UPDATE: Ryan Naraine at ZDNet has the details. Yes, Microsoft installed a “patch” with a security hole that affects Firefox. If you have automatic updates turned on, or you got fooled into installing MS09-054, you have to go into Firefox and manually turn off the bleeding add-on that Microsoft surreptitiously put on your computer.

REALLY COOL UPDATE:

I just re-started Firefox and it caught the two suckers. “Firefox has determined that the following add-ons are known to cause stability or security problems.” The culprits: .NET Framework Assistant and Windows Presentation Foundation. Both are blocked by default. Restart Firefox and you’ll be rid of the pests.

Take THAT Microsoft…

ANOTHER UPDATE: One reader left a comment about this patch, and I wanted to clarify. Yes, indeed, this patch was supposed to fix the earlier security hole created when Microsoft took it upon itself to install the .NET Framework Assistant in Firefox. (I cried about that patch in a blog entry four months ago.) While MS09-054 was supposed to fix the hole in Firefox introduced by Microsoft, it’s much smarter to simply disable Microsoft’s .NET Framework Assistant for Firefox. That’s exactly what Firefox has done. (Indeed, it’s what Microsoft recommended!) It isn’t clear, at this point, if MS09-054 makes the problem worse or not – thus the markthrough edits to the beginning of this post.

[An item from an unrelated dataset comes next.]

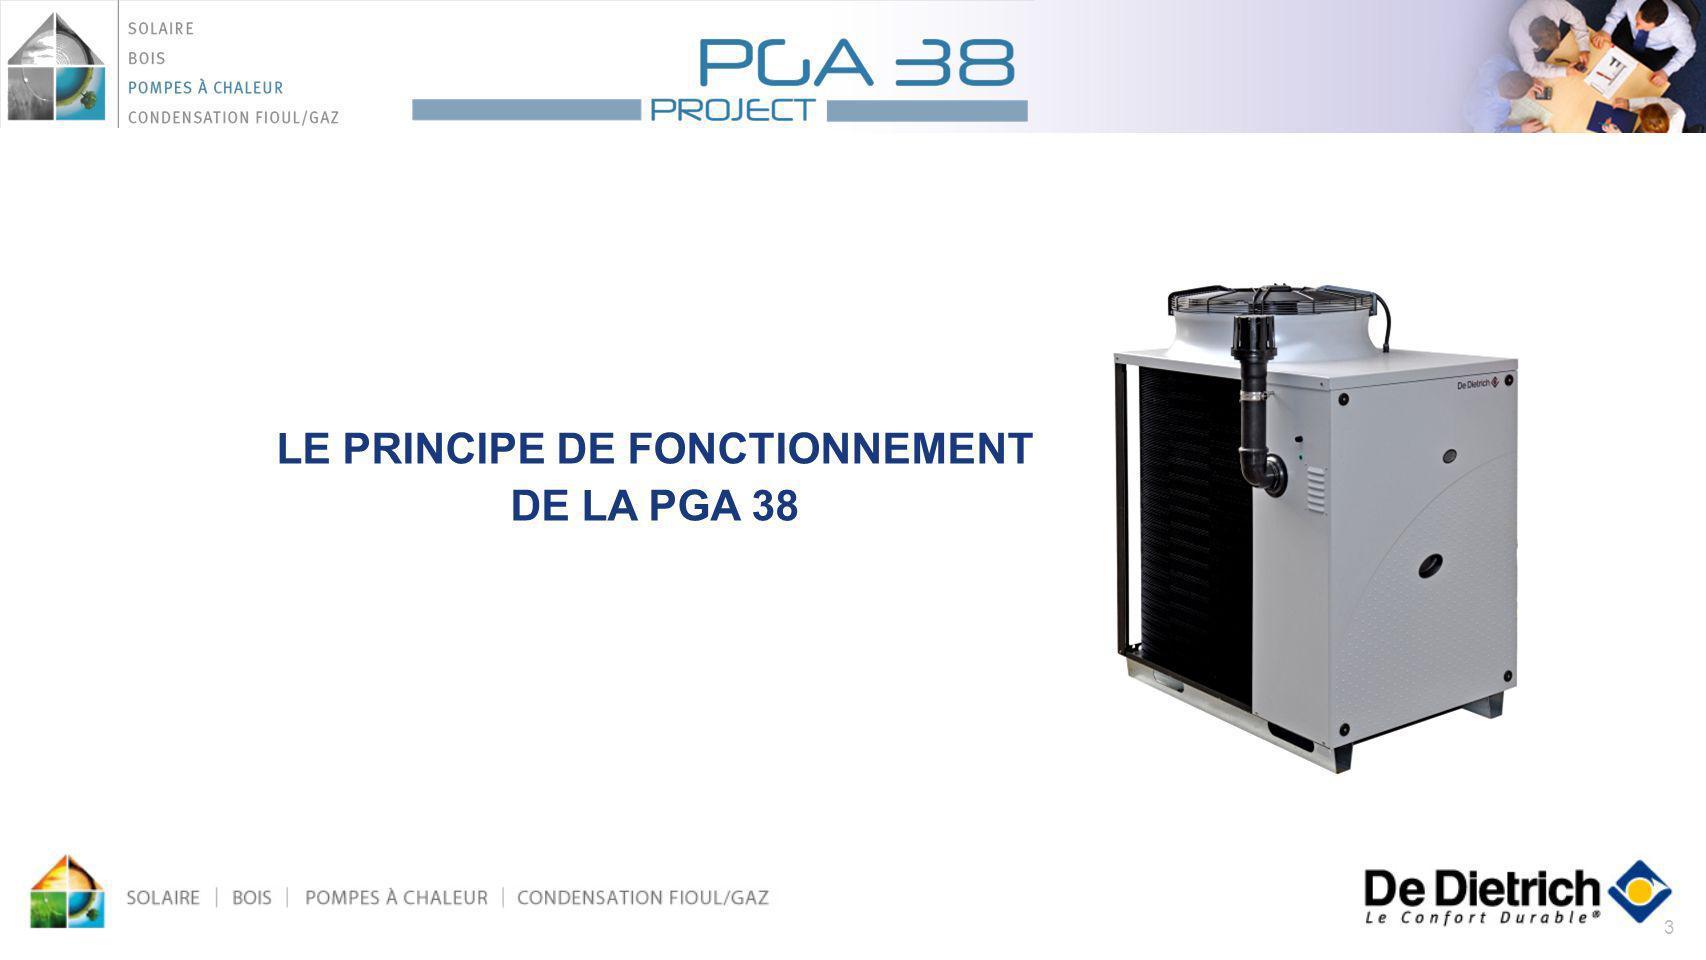 64 Implantation des machines 64 Cadre détude ICPE Contraintes réglementaires Réglementation ICPE 2920 – installation de réfrigération sous pression (+ de 1bar relatif ) SOUMIS A DECLARATIONSOUMIS A AUTORISATION PAC MOTEUR R410A Pa > 50 kWPa > 500 kW PAC ABSORPTION AMMONIACPa > 20 kWPa > 300 kW Pa = puissance absorbé pour lensemble de linstallation de PAC Pa = Pgaz sur PAC ABSORPTION & Pa = Pcompresseur sur PAC MOTEUR ( = environ 1/3 de Pgaz – voir constructeur) « Vide réglementaire » + en cours de révision – demander à la DRIIRE au cas par cas

Should I delete Internet Explorer?

Reader Ted wrote in with an interesting question that I hear frequently:

I have followed your advice and started using Firefox instead of IE, and I sometimes use Google Chrome. What I don’t understand is if IE is part of the Windows operating system won’t it just kick-in anyway and be used by various programs even in Firefox and Google? Or, if you don’t use it at all, is it just taking up space on the computer? I’m really confused as you can tell. Should IE be deleted, or even can it? If it can’t and it’s not used, should it still be updated, following the advice in your MS-Defcon system?

Thanks so much for helping because like I said, I’m confused!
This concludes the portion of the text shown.